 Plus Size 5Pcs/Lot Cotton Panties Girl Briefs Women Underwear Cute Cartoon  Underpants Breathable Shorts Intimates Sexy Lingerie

==========

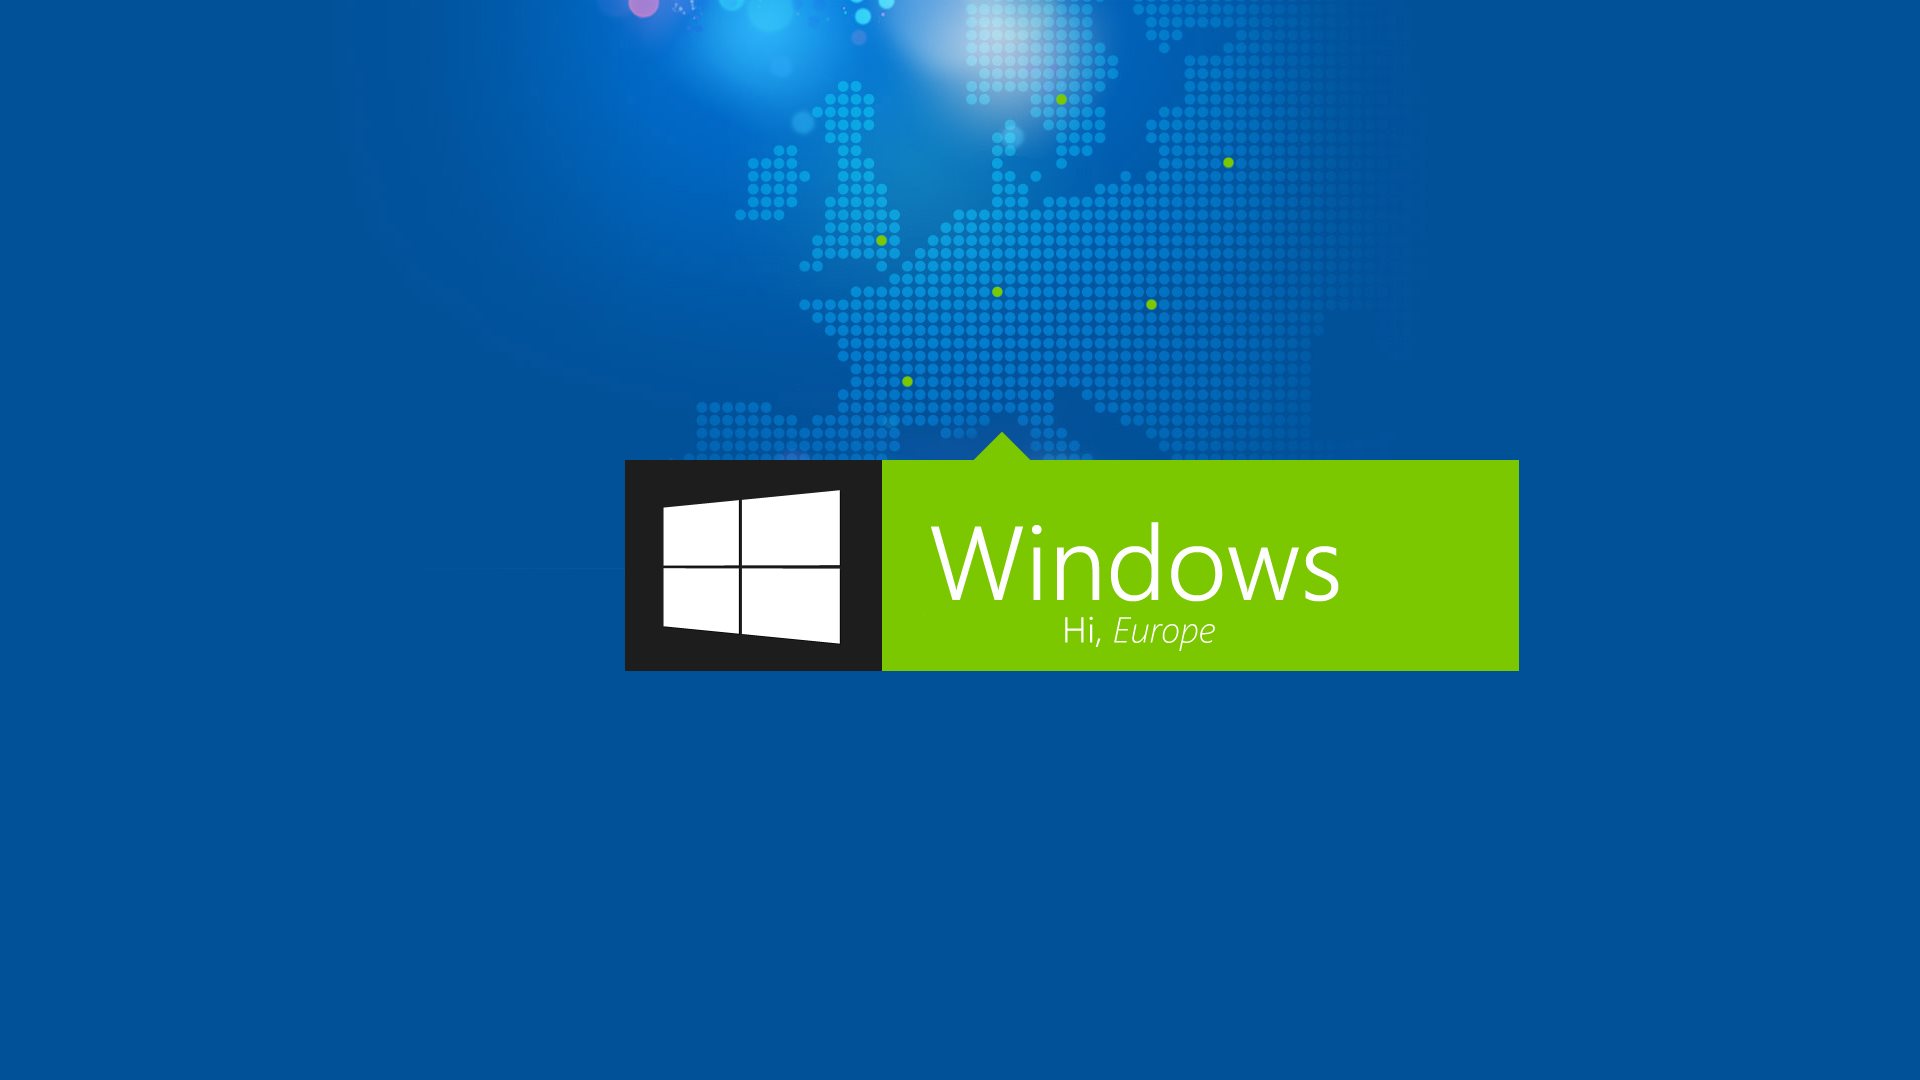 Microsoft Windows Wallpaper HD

==========

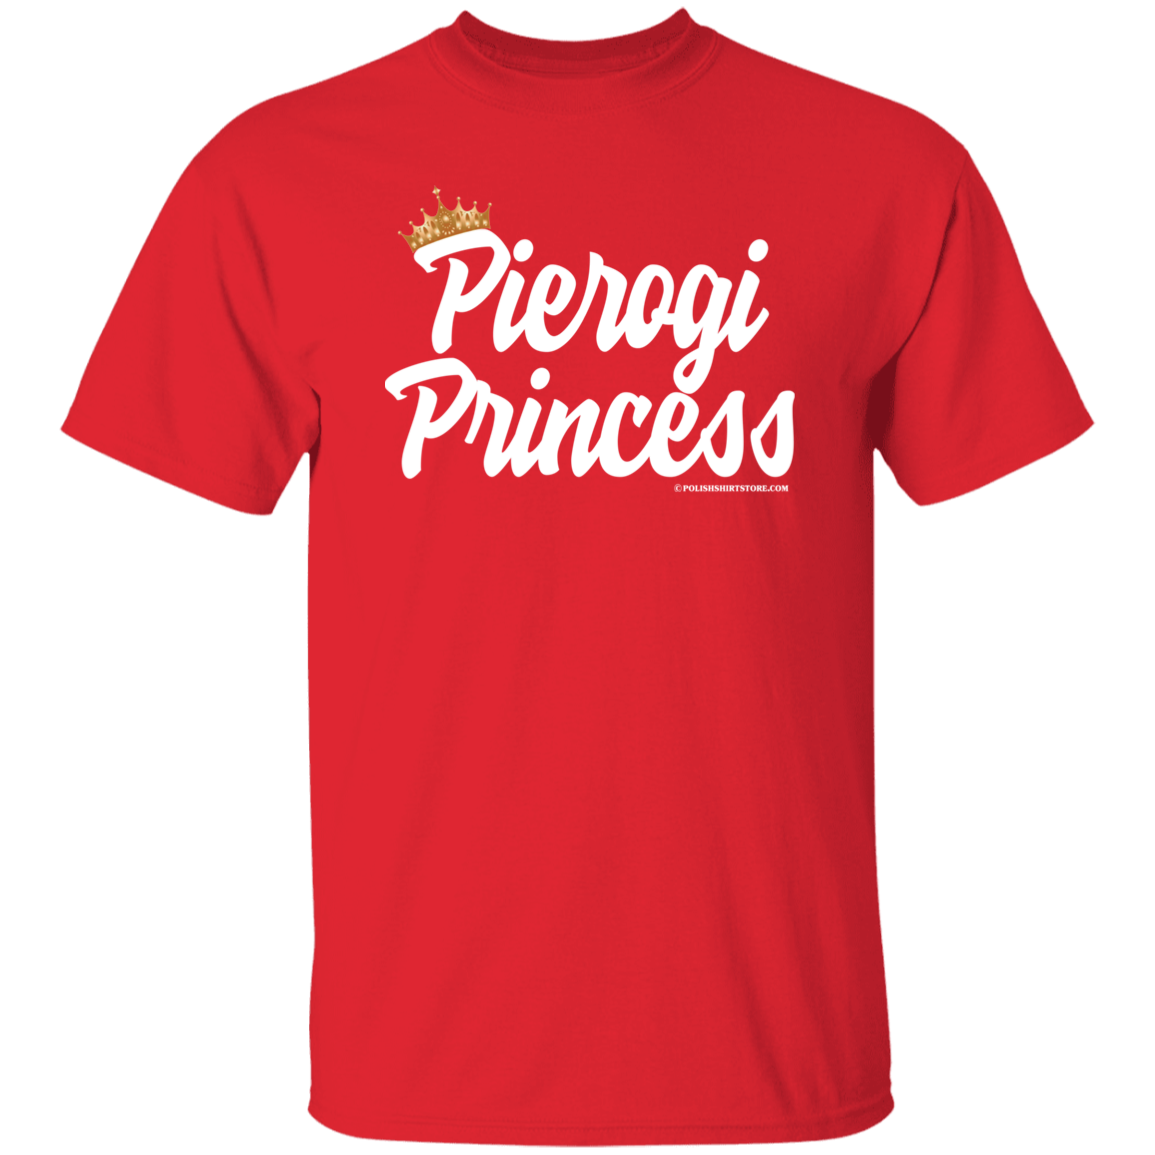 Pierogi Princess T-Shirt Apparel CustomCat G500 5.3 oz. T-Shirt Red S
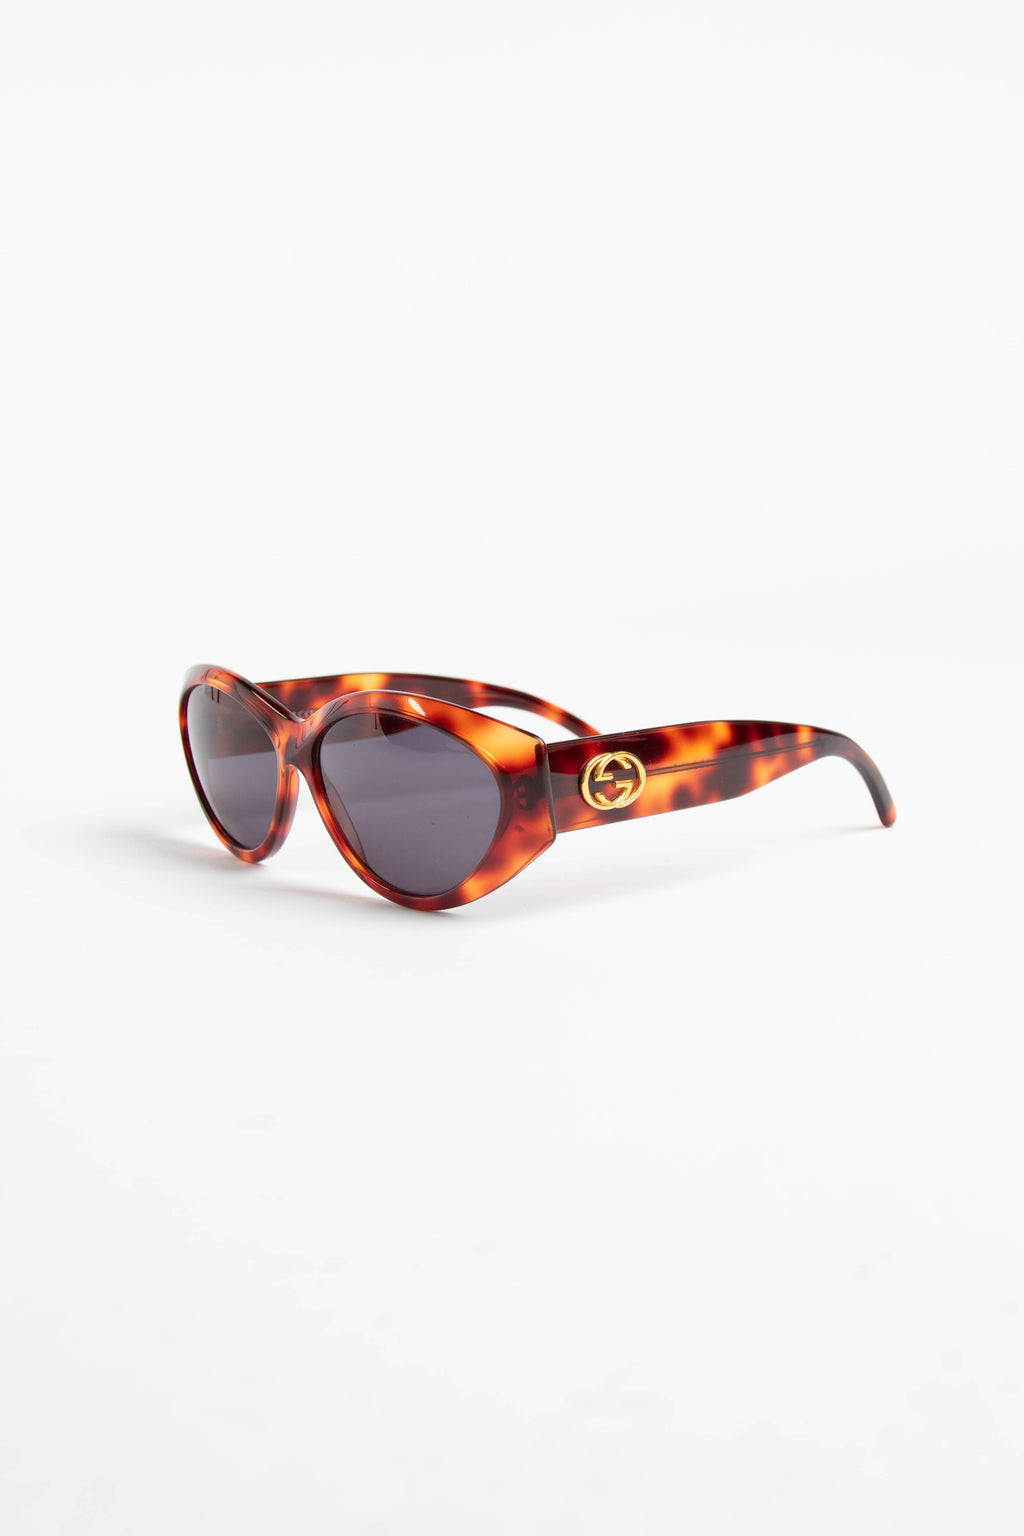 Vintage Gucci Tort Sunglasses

==========

TASK DETAILS: Output should consist of the lines above from the one with "Pierogi Princess T-Shirt" down to the one with "Vintage Gucci Tort Sunglasses", exact and without pictures.

ANSWER SPACE:
 Pierogi Princess T-Shirt Apparel CustomCat G500 5.3 oz. T-Shirt Red S
 Vintage Gucci Tort Sunglasses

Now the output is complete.